# 7DII QC-dial weird behavior



## Proscribo (Feb 18, 2016)

Soo, I've noticed that my 7D's back dial has started to act up. When I scroll the dial in one direction, the camera occasionally goes a few steps to the reverse direction and it's quite frustrating when you can't reach a setting, for example because you go one step forward and the one backward.

It doesn't matter whether I move the dial fast or slow (could be that this happens more often when scrolling fast, I'm not sure). Everything else seems to work fine and I've reset my settings and tested with and without battery grip (original canon one) and with canon and non-canon battery.

I wonder if I could fix that myself or must I just send it in for repair.. just doesn't have warranty anymore.


----------



## SetterSpeaker (Feb 18, 2016)

If you have the time, the tools and the know-how to open the body, fix the problem, and close it all up; and if you aren't worried about the possibility you will fail or even reduce the functionality of your 7D2, then go for it!

OTOH, that's not me: I would be inclined to send it in for assessment. As a member of a fairly large camera club, moderate forum dipper, and occasional user of Canon and Sigma repair services, and not having heard anything about this particular of problem before, I consider the prices manufacturers charge to repair their equipment to be one of the biggest bargains in the whole fancy camera scene.
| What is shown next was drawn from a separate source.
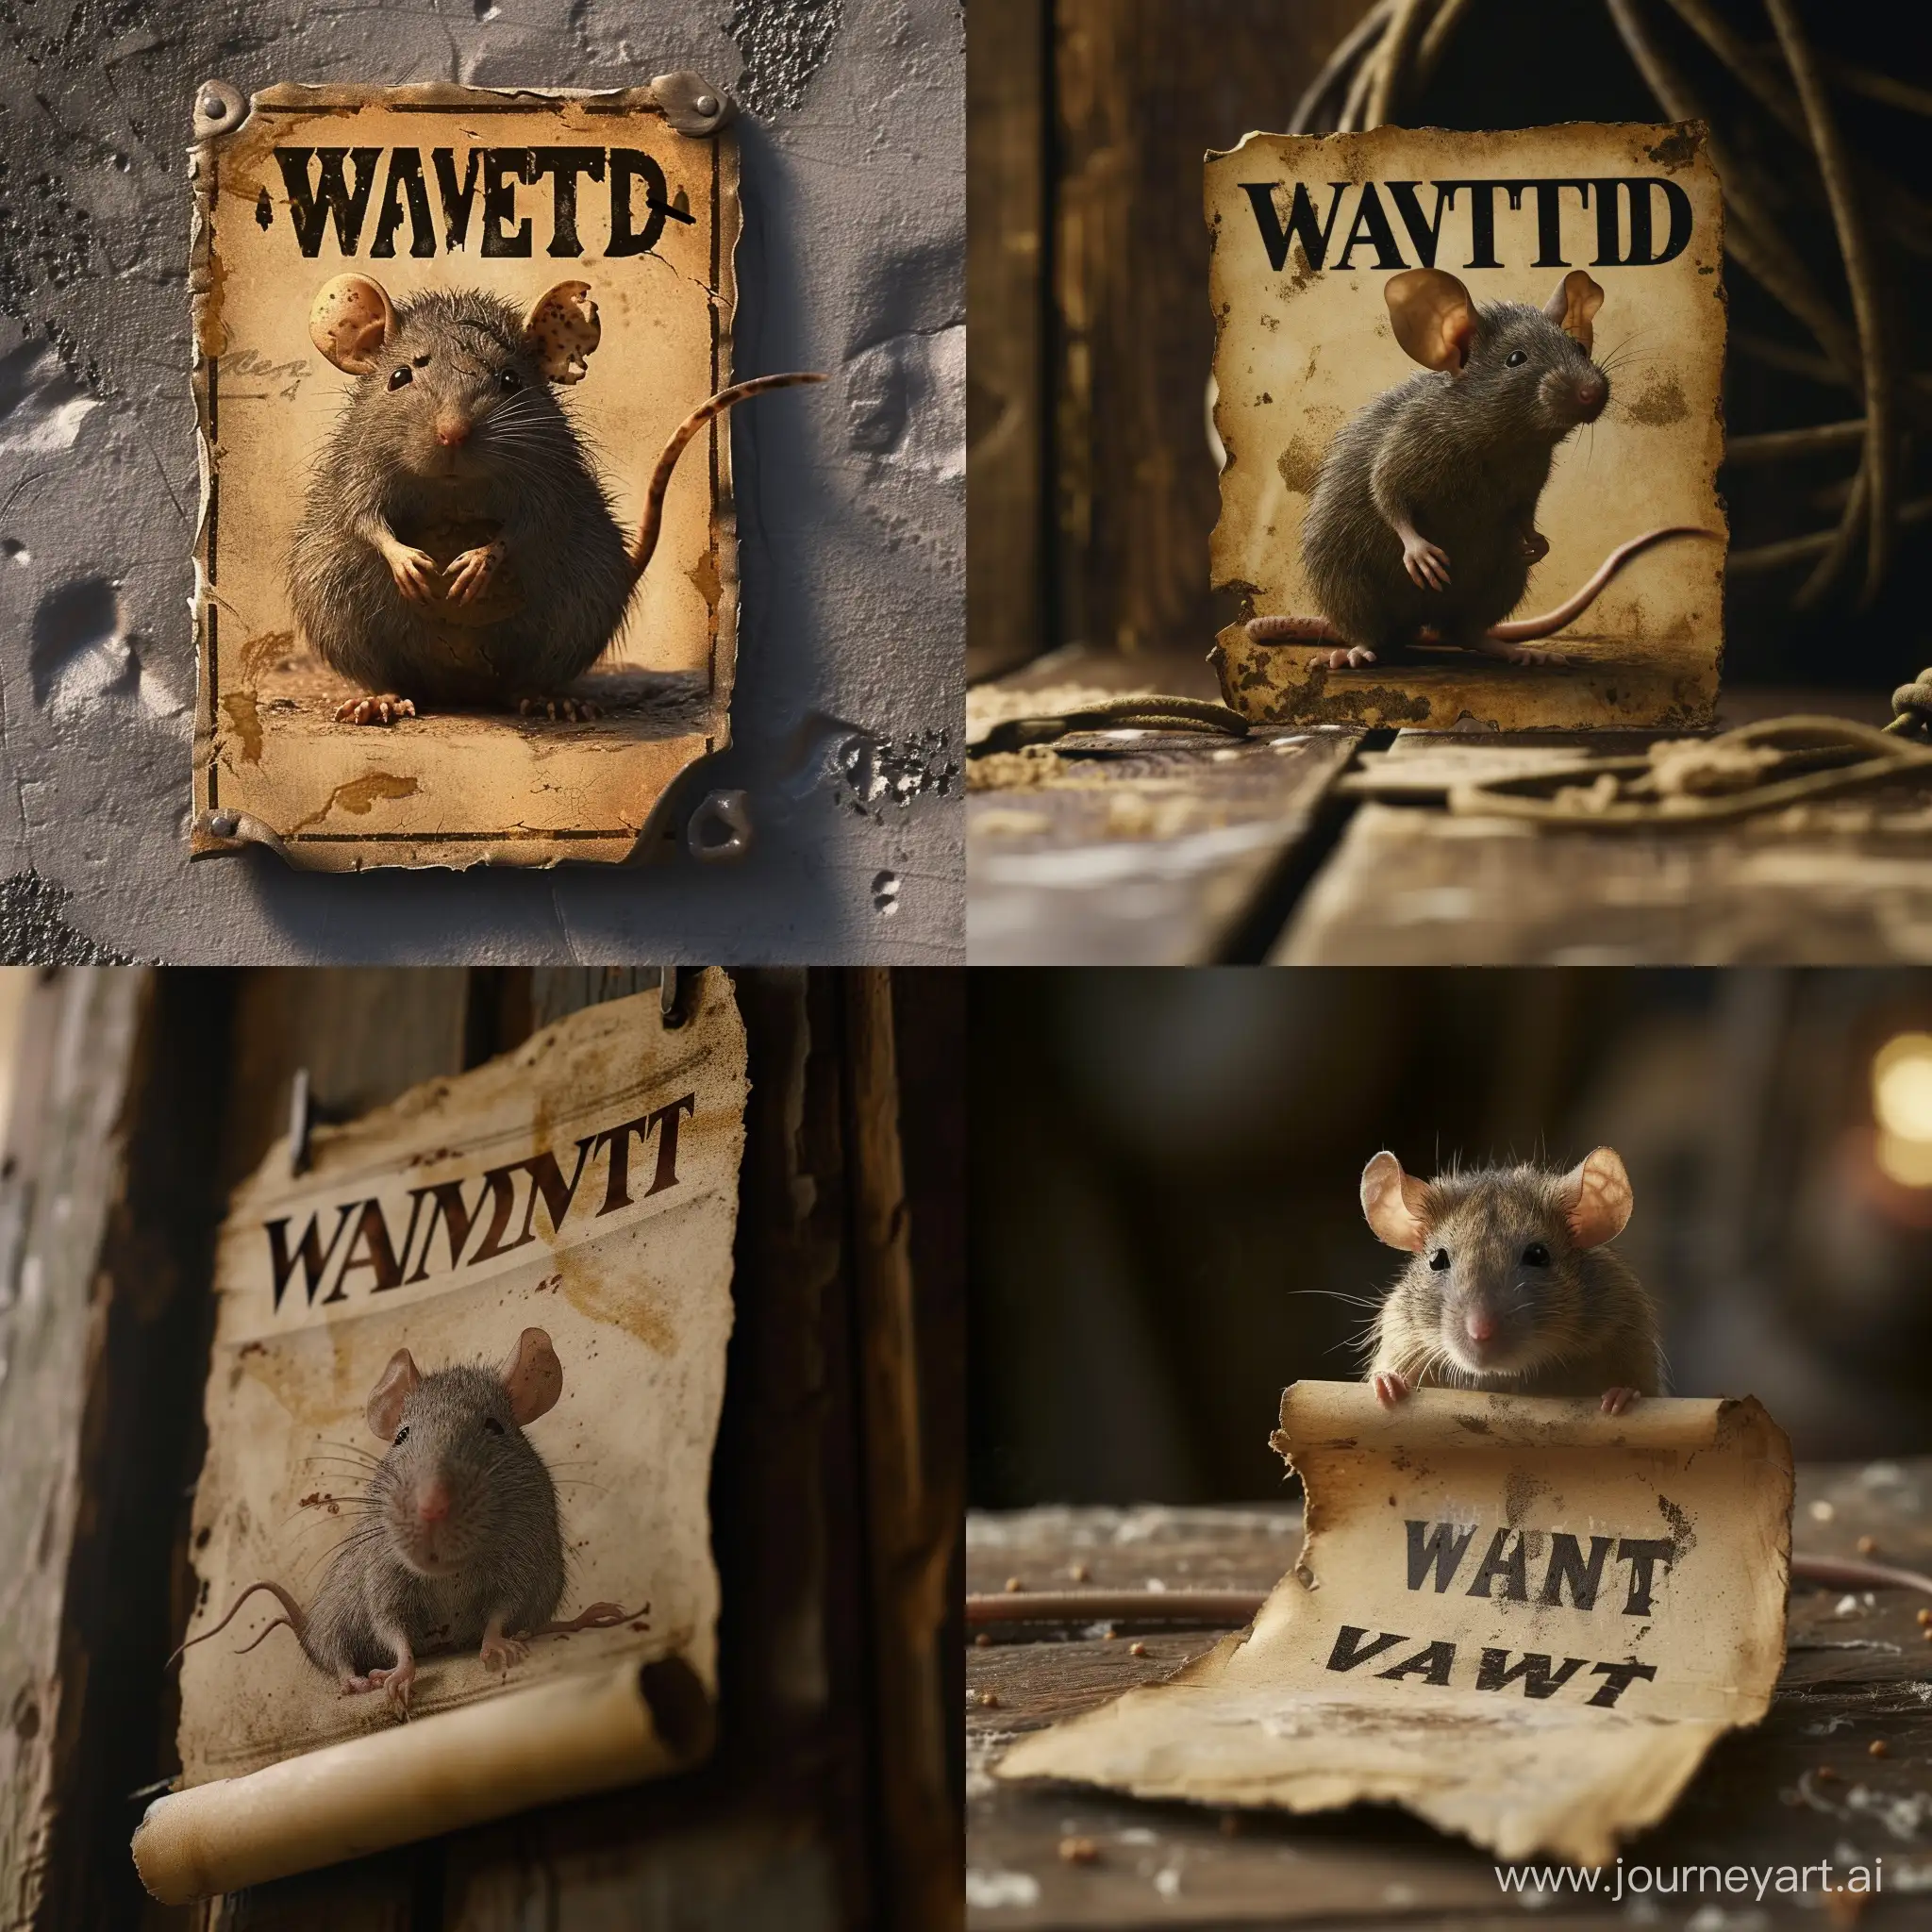 Wanted-Poster-Featuring-a-BattleScarred-Rat

My experience is that they do an incredible amount of repair and replacement for a standard price in the range of $100-$200. That's far more reasonable to me than Canon's obvious rip-off prices for, say, a plastic lens hood. In any case, they would give you an estimate of the expected costs before doing anything. Therefore, if the behavior bothered me as much as I suspect it would, I'd send it in.

Look at this way: All those gullible, newbie lens hood buyers are subsidizing your repair costs 

HTH,
SetterSpeaker


----------